Dorothy Mackaill in 'Safe in Hell'

Not all the pre-code movies took that attitude, of course, but a couple of decades ago a handful of sauciest of these otherwise forgotten films were branded with the promise of “Forbidden Hollywood” for a retrospective that led to a line of VHS releases, followed by laserdisc and, finally, DVD. And while most of the best of these films have already been resurrected and released – I’m talking about Night Nurse, Baby Face, Heroes For Sale, Wild Boys of the Road, Murder at the Vanities, Three on a Match, not to mention Scarface and Bride of Frankenstein (this attitude is not limited to any one genre) to name just a few – there are still films to discovered and savored, in some cases for just a scene, in other for a full length appreciation.

All of which is introduction to a wealth of pre-code titles recently made available via manufacture-on-demand DVD-R from the Warner Archive. It’s a mixed collection, by which I mean there are some real discoveries here along with some misfires, and Safe in Hell (1931), a kind of B-movie riff on Sadie Thompson (the original bad girl in the tropics melodrama) directed with a brutally by William Wellman, and its star Dorothy Mackaill are the most exciting of said discoveries.
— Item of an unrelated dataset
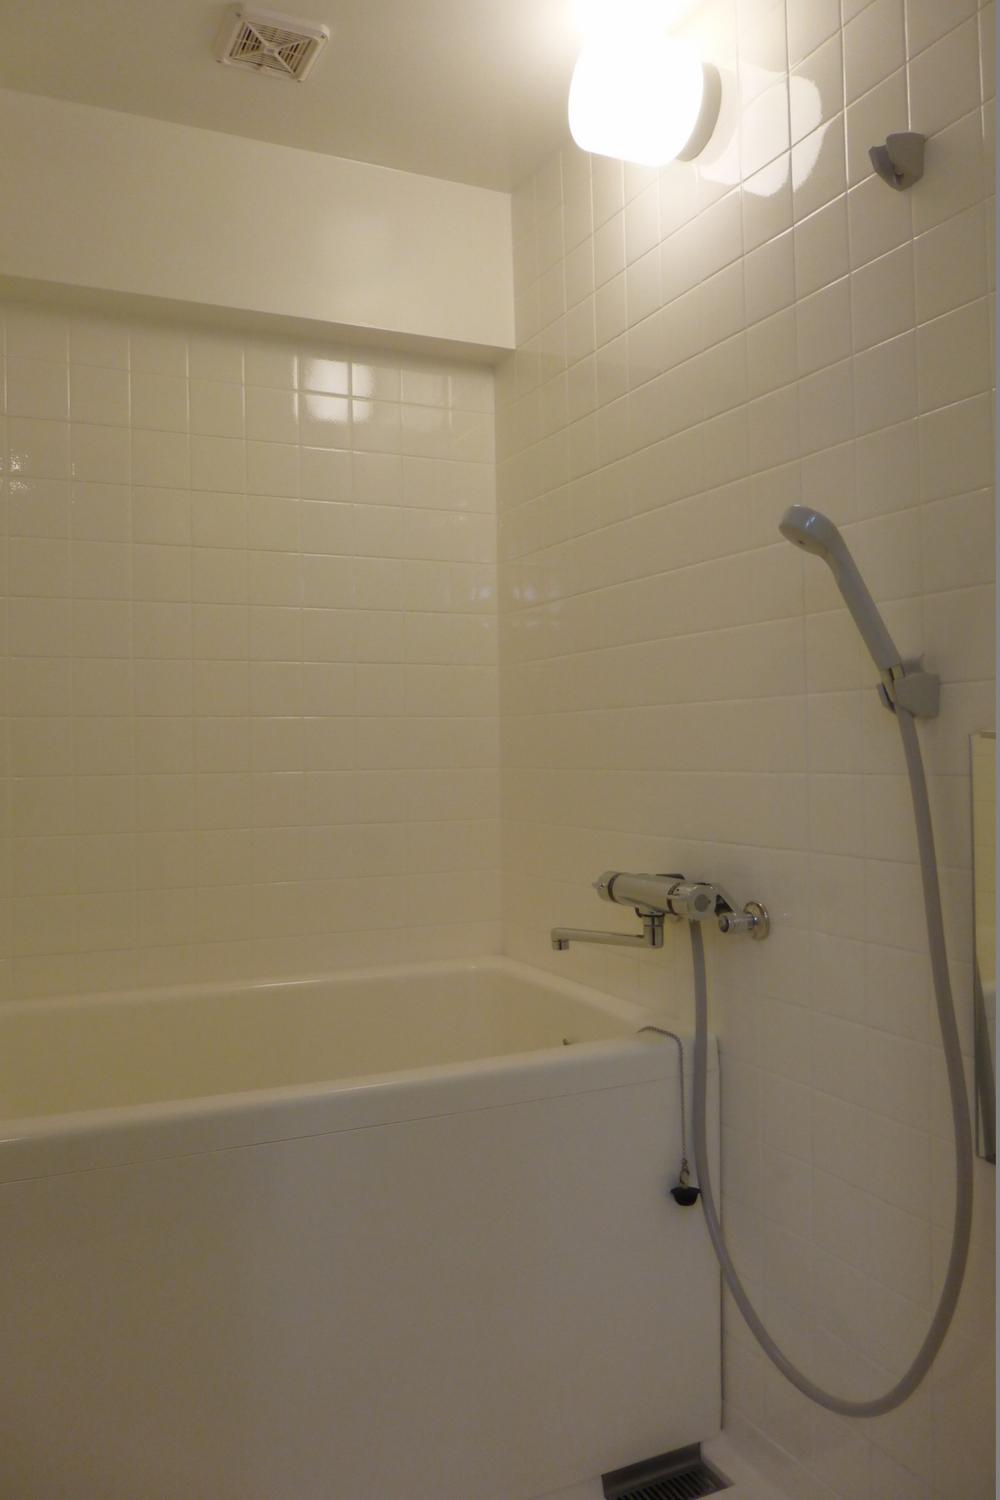 Bathroom. Shower Faucets ・ mirror ・ Bath lid ・ Entrance door already replaced

The forgotten Mackaill is a kind scuffed-up, street-smart answer to Miriam Hopkins and in this film she is perfect as the all-but-in-name prostitute who is whisked off to a Caribbean island to flee a murder charge and lands in a jungle slum that the dregs of the western world have taken refuge in. The film’s title is no exaggeration; imagine Casablanca as a lice-infested backwater run by mercenary opportunists and filled with the sleaziest criminals to escape a manhunt. They all take their shot at seducing Mackaill, the sole white woman in this island prison, and she shoots them all down with the brash directness of an experienced urban doll who has spent her life fending off passes. Yet somehow the film manages to give them all a shot at redemption when she is tried for murder (it’s a different murder, and yet the same one, in the crazy logic of the melodrama contrivances) and they line up in her defense. Wellman makes it snappy and sassy as he winds the story from the cynical to the sentimental to the almost spiritual with equal commitment.